需求背景:
随着第一版远程执行发布使用paramiko模块进行远程调用脚本的稳定,开始着手第二版关于使用ansible runner执行远程发布任务
paramiko和ansible runner各自的优缺点:
- Paramiko:
- Paramiko 是一个 Python 的 SSH 库,用于在远程主机上执行命令。
- 优点:
- 直接通过 SSH 连接到远程主机,无需额外的中间层。
- 可以实现细粒度的远程命令执行控制。
- 缺点:
- 需要编写更多的代码来处理连接和执行命令的细节。
- 对于复杂的远程任务管理和控制,需要自行实现。
- Ansible Runner:
- Ansible Runner 是 Ansible 生态系统中的一个组件,用于以编程方式运行 Ansible playbook 和任务。
- 优点:
- 基于 Ansible 的模型,提供了高级的任务执行、主机管理和变量处理功能。
- 可以通过配置文件和参数轻松定义任务和执行环境。
- 支持并发执行、扩展性和可配置性。
- 缺点:
- 需要安装和配置 Ansible Runner。
- 需要对 Ansible playbook 的编写和组织有一定的了解。
- 对于简单的远程命令执行,可能相对于 Paramiko 来说有一些额外的开销
总的来说,Ansible Runner更适合执行更复杂的任务,对于简单的远程命令执行比较适合用Paramiko
关于paramiko的使用,以下对paramiko.SSHClient()一个简单的操作类封装
# -*- coding:UTF-8 -*-
import paramiko
class SSHClient(object):
"""链接远程服务器"""
def __init__(self, host, user, port, password=None, pkey=None, timeout=30):
self.ssh = paramiko.SSHClient() # 创建ssh对象
self.ssh.set_missing_host_key_policy(paramiko.AutoAddPolicy) # 设置允许链接不在konws_hosts 内的主机
if password:
self.ssh.connect(hostname=host, username=user, port=port, password=password, timeout=timeout)
if pkey:
private_key = paramiko.RSAKey.from_private_key_file(pkey)

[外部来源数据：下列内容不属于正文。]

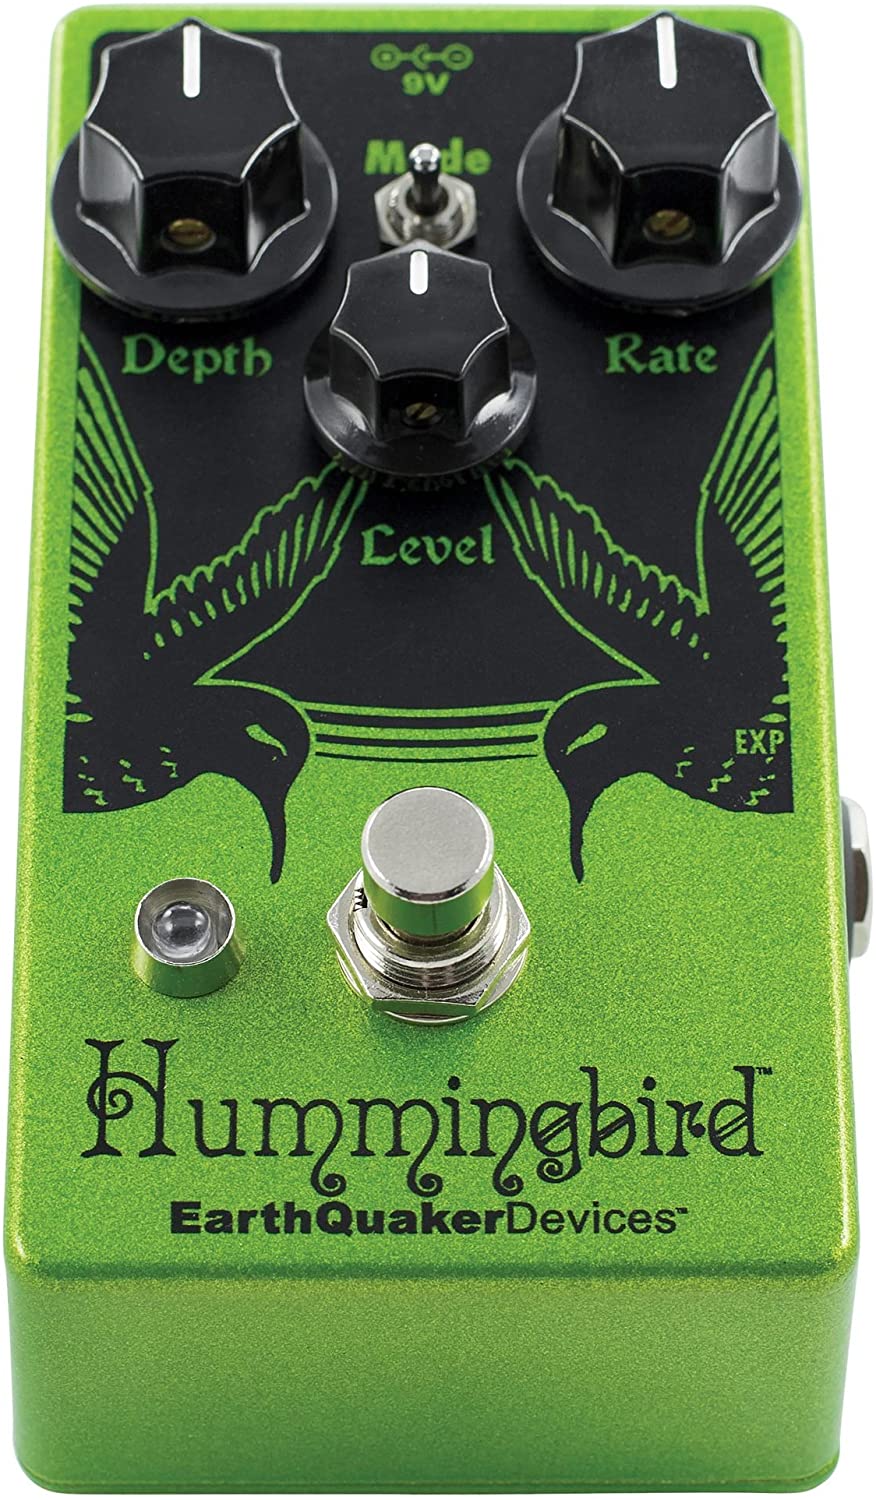 EarthQuaker Devices Hummingbird V4 Repeat Percussion Tremolo Guitar Effects Pedal
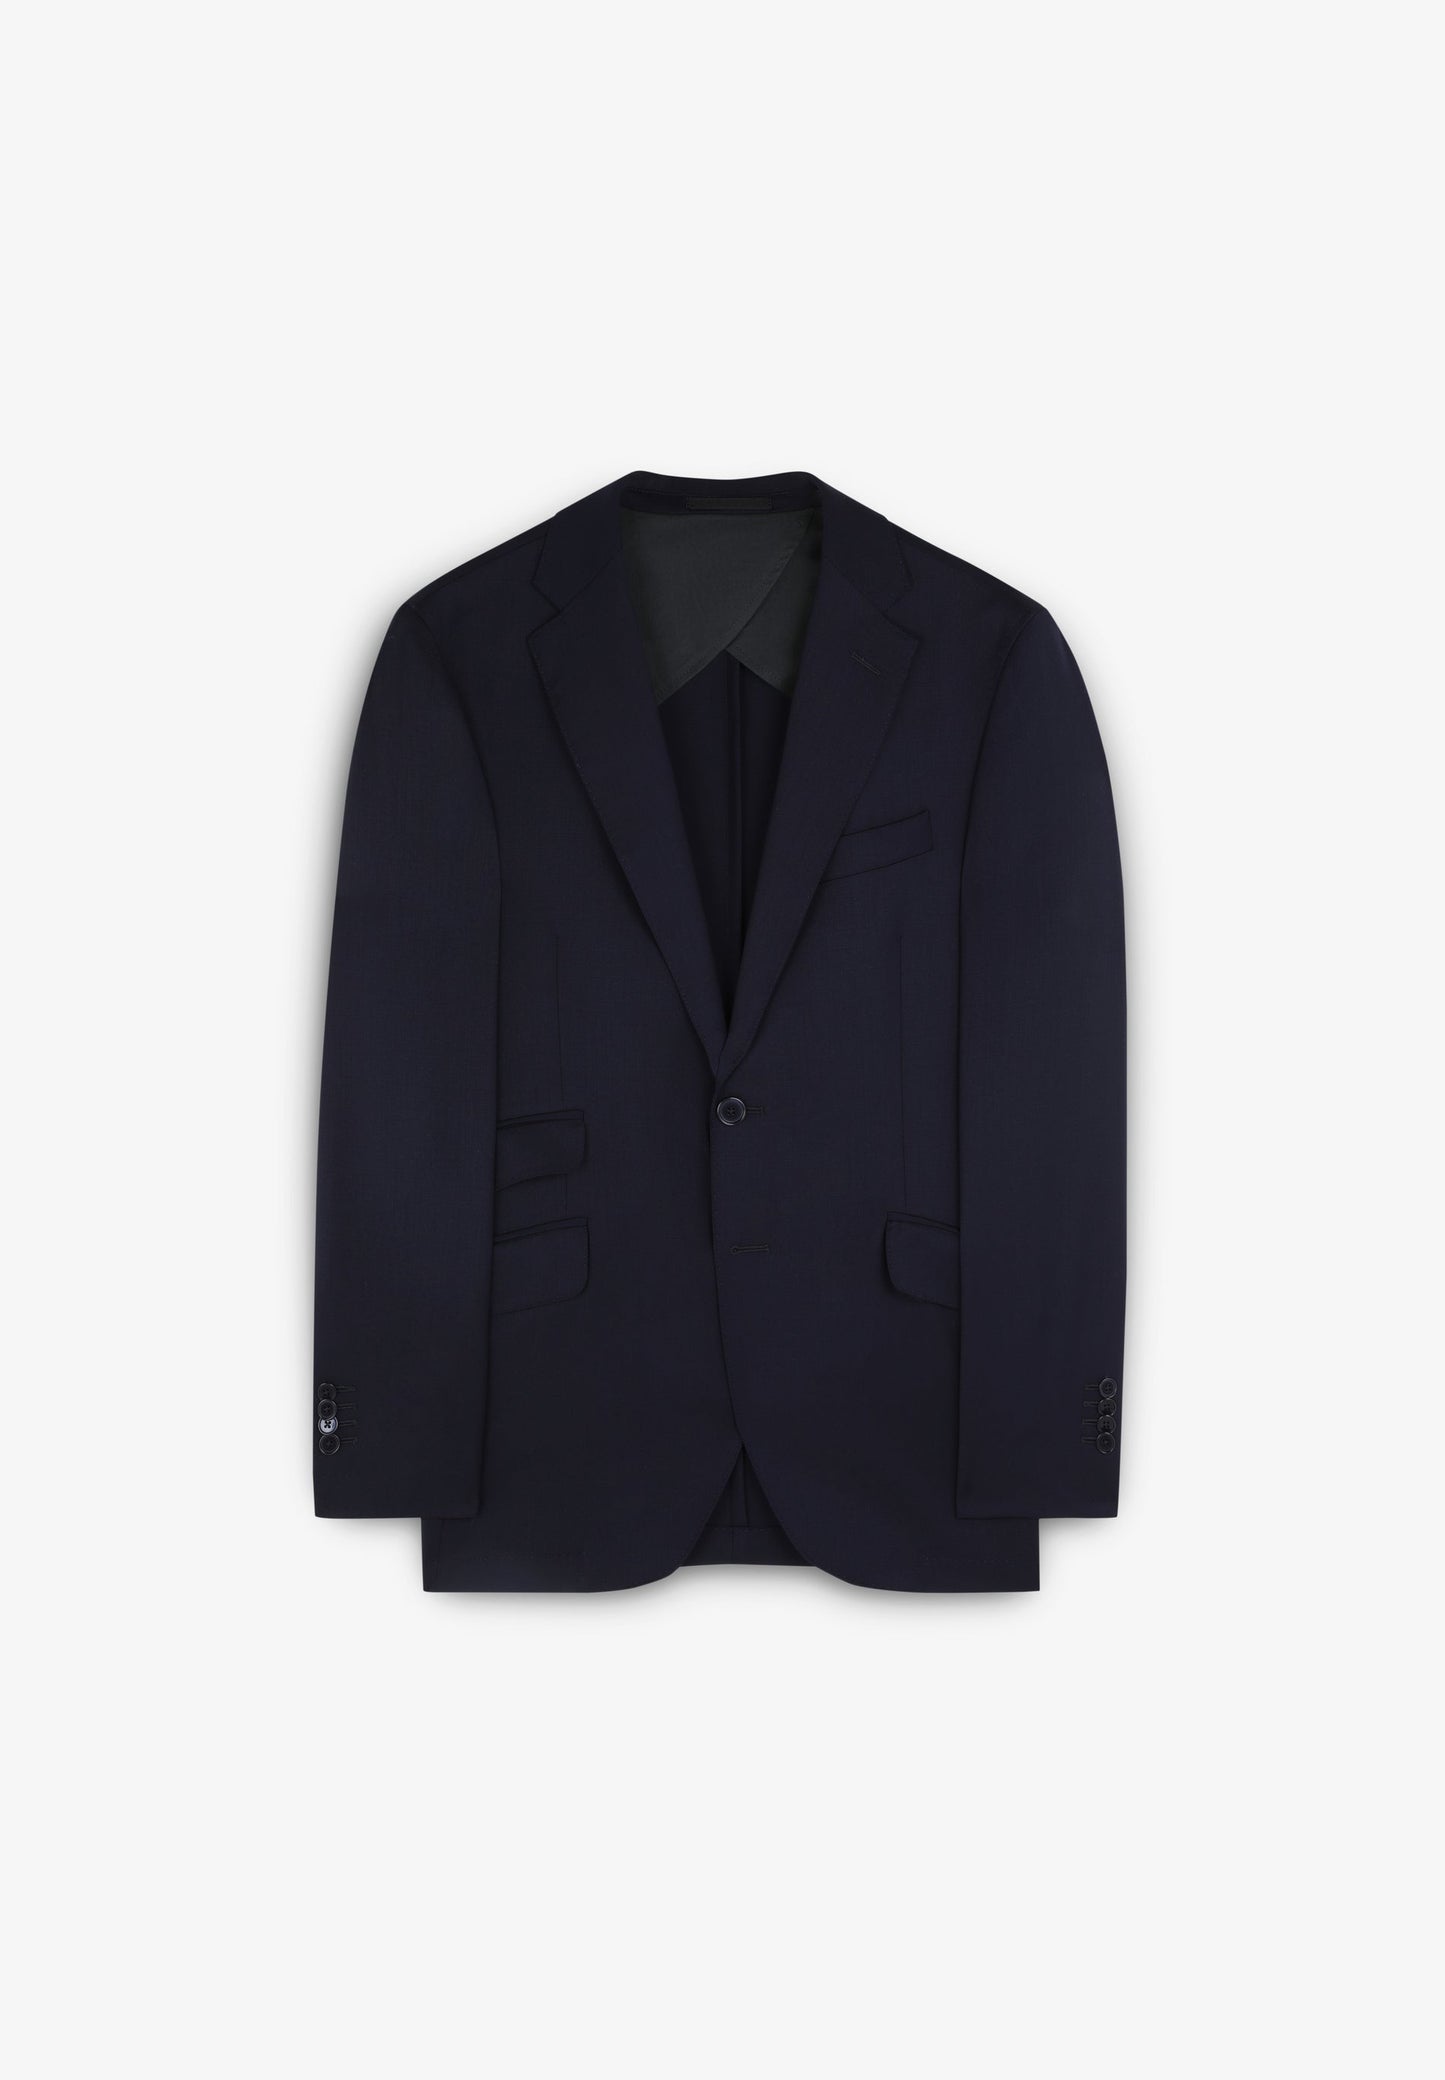 NAVY BLUE TEXTURED SUIT WITH POCKETS

self.ssh.connect(hostname=host, username=user, port=port, pkey=private_key, timeout=timeout)
self.err_flag = False
self.chan = None
self.tran = self.ssh.get_transport()
# self.sftp = self.tran.open_sftp() # 打开一个sftp链接通道
self.sftp = paramiko.SFTPClient.from_transport(self.tran)
def __enter__(self):
return self
def __exit__(self, exc_type, exc_val, exc_tb):
# self.sftp.close()
if self.chan:
self.chan.close()
self.tran.close()
self.ssh.close()
def exe_command(self, cmd, timeout=None, callback=None, logname=None):
"""执行命令"""
self.chan = self.tran.open_session()
if timeout:
self.chan.settimeout = timeout
self.chan.exec_command(cmd)
stdout = ""
while True:
try:
recv = self.chan.recv(128).decode("utf8", "ignore")
except Exception as e:
print(e)
self.err_flag = True
print(recv)
stdout += recv
# 写入日志文件
if callback and recv:
callback(recv, logname)
# 退出判断
if len(recv) == 0:
break
if self.err_flag:
break
if self.get_recv_status():
break
return stdout
def get_recv_status(self):
"""获取退出状态"""
return self.chan.recv_exit_status() if not self.err_flag else -1
def get_sftp(self):
return self.sftp
好了,接下来重点介绍Ansible Runner
安装
为了方便查看源码,我选择在windows上下载ansible runner模块,但是这个模块你在windows上是无法直接用pip下载的,这里我下载的是Ansible Runner 2.2.1版本的whl文件,地址链接:ansible-runner · PyPI
安装ansible runner
pip install ansible_runner-2.2.1-py3-none-any.whl
环境
创建SSH免交互登录
Ansible通过SSH对设备进行管理,而ssh包含两种认证方式:一种时通过密码认证,另外一种时通过密钥对验证,前者必须和系统交互,而后者时免交互登录,如果希望通过ansible自动管理设备,应该配置为面交互登录被登录设备
1,在主控机上使用ssh-keygen生成私钥和公钥文件
2,通过ssh-copy-id复制公钥到远端机器上
3,实现效果 ssh直接远程连接到主机不交互
源码查看
run函数详情
项目中主要使用到了ansible_runner.interface.run()
打开第三方包文件
打开后源码
def init_runner(**kwargs):
'''
Initialize the Runner() instance
This function will properly initialize both run() and run_async()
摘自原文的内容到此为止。